- _What the exercise asks_: From the first line below to the last, reproduce the material exactly and leave out the images.

(Data excerpt Opens)

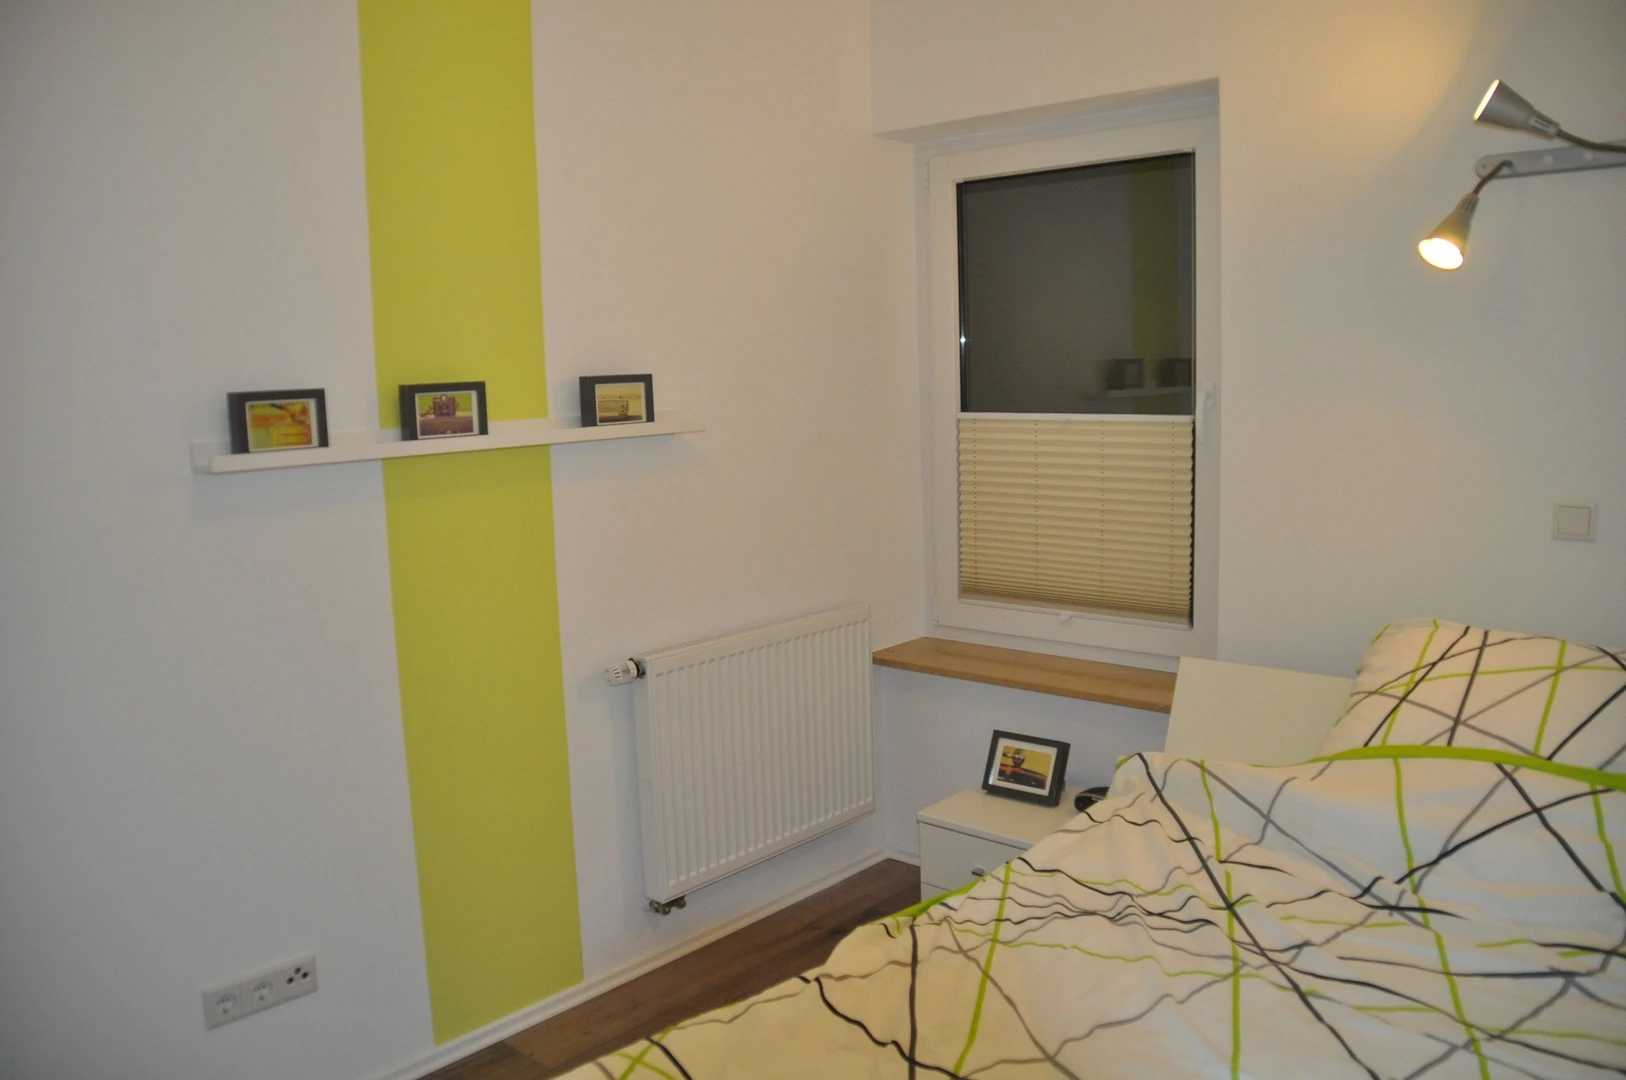 Renting rooms by the month in Bielefeld
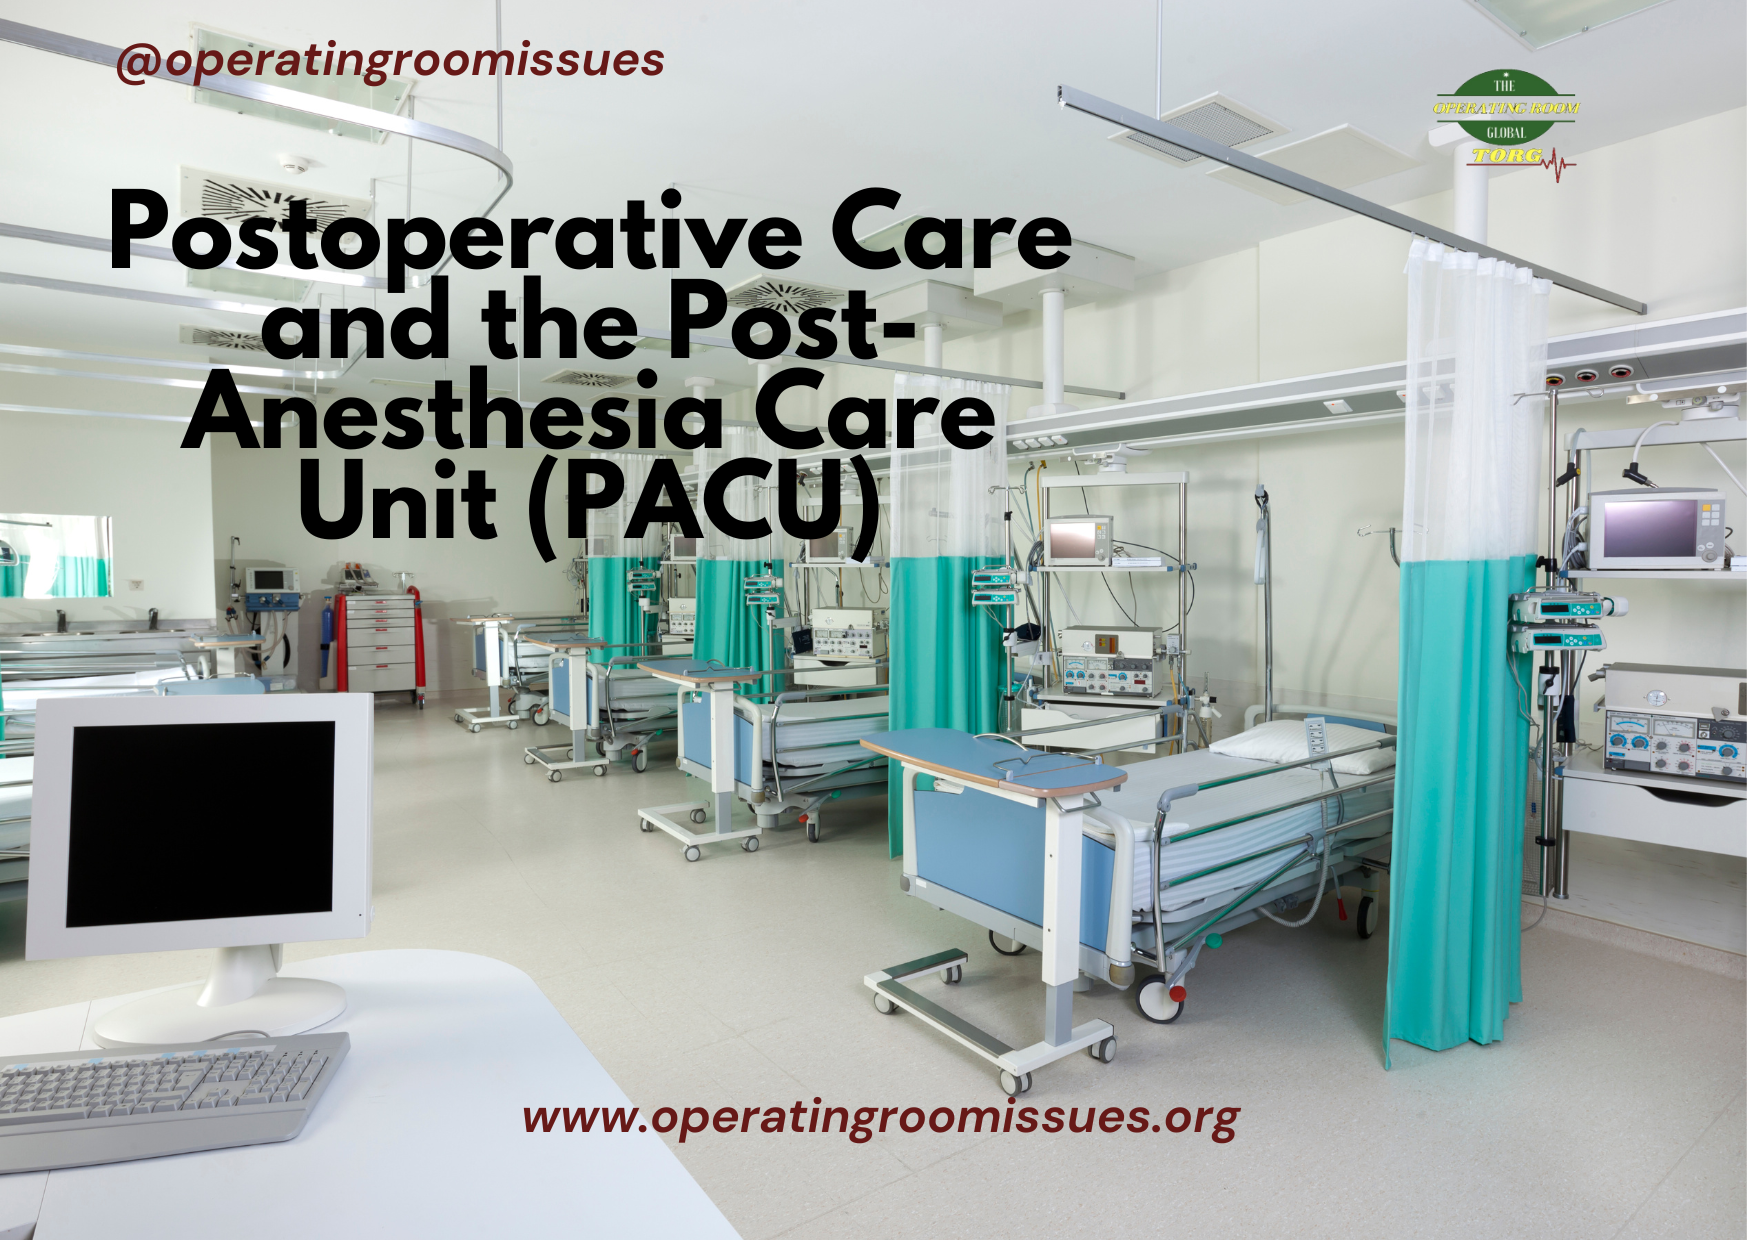 Postoperative Care and the Post-Anesthesia Care Unit (PACU)
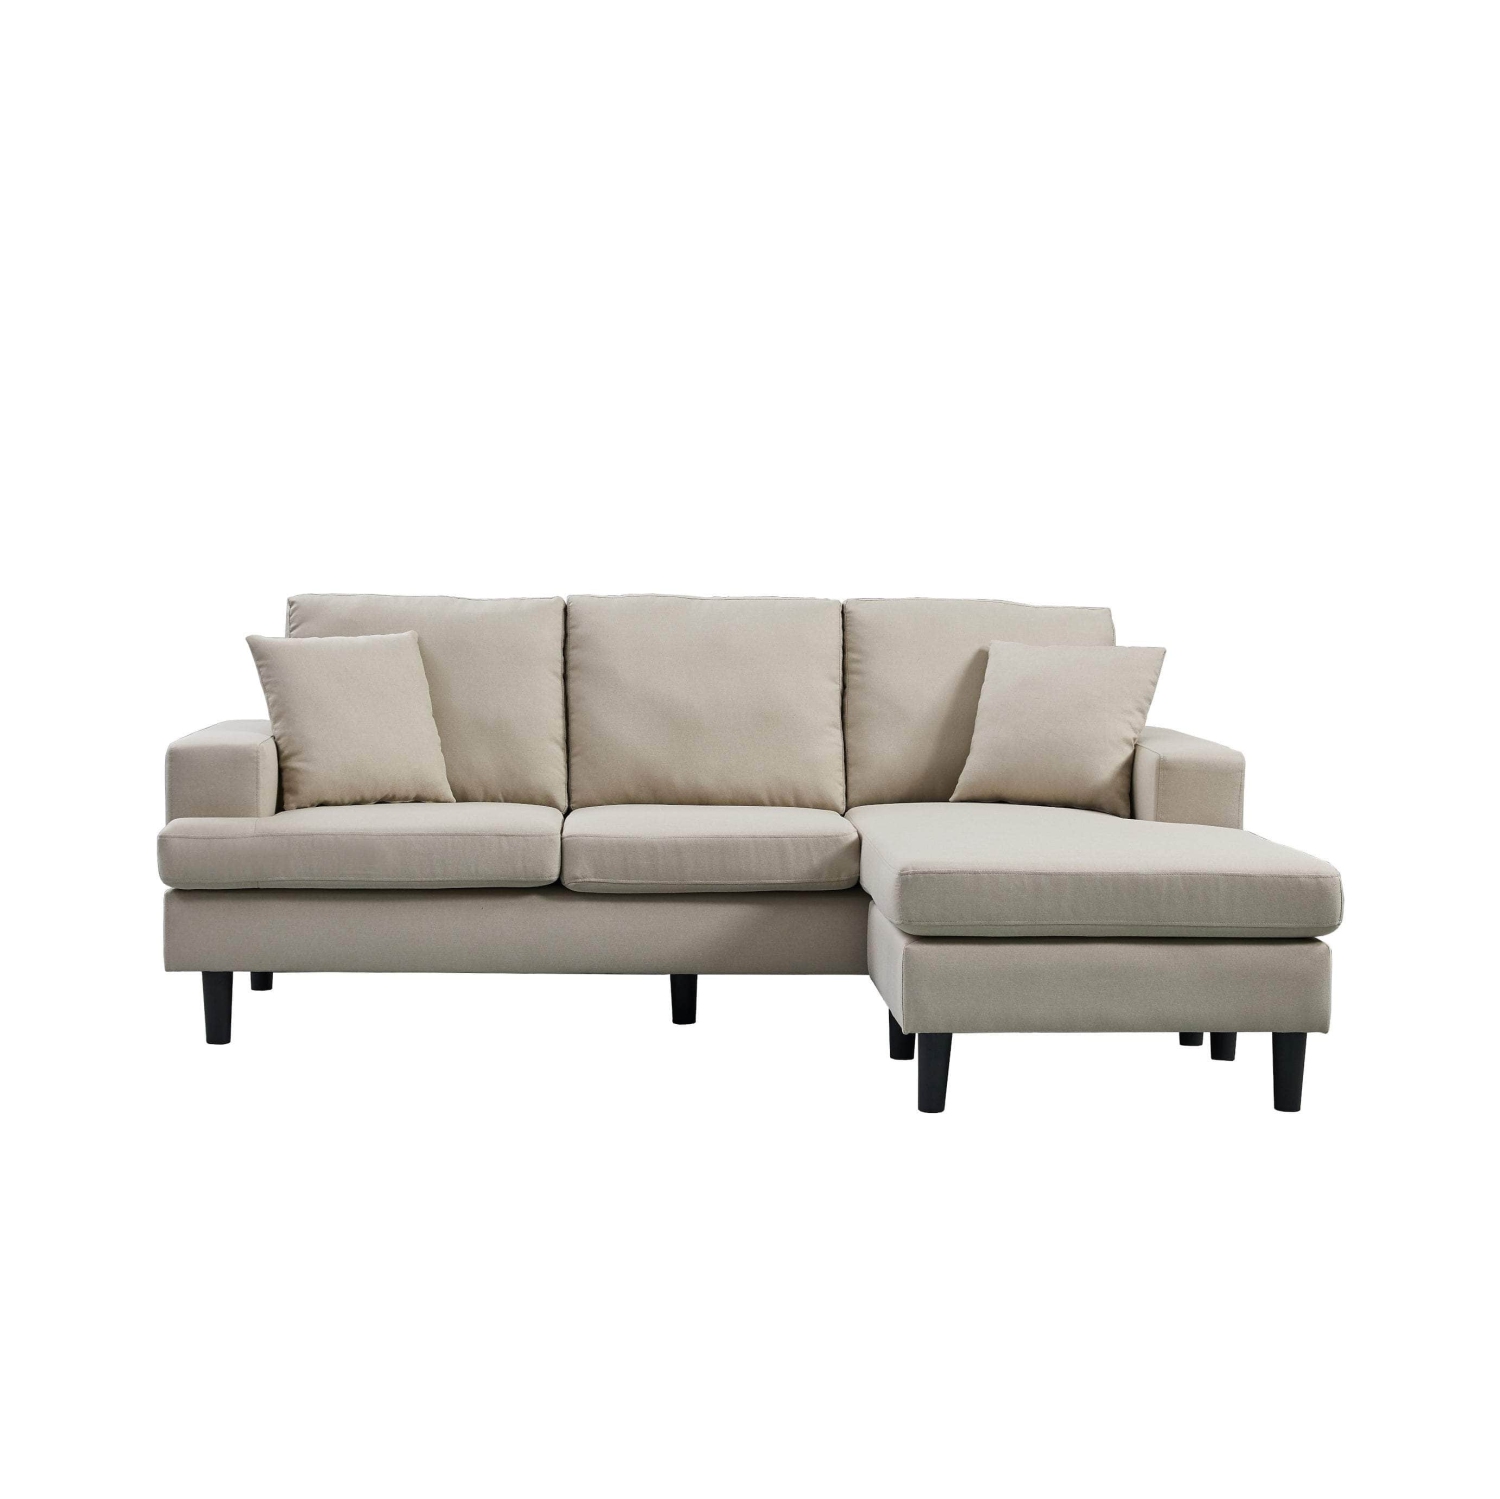 Urban Cali Sophia 84" Wide Sectional Sofa with Reversible Chaise - Cream

(Data excerpt Closes)

- _Solution for this problem_:
 Renting rooms by the month in Bielefeld
 Postoperative Care and the Post-Anesthesia Care Unit (PACU)
 Urban Cali Sophia 84" Wide Sectional Sofa with Reversible Chaise - Cream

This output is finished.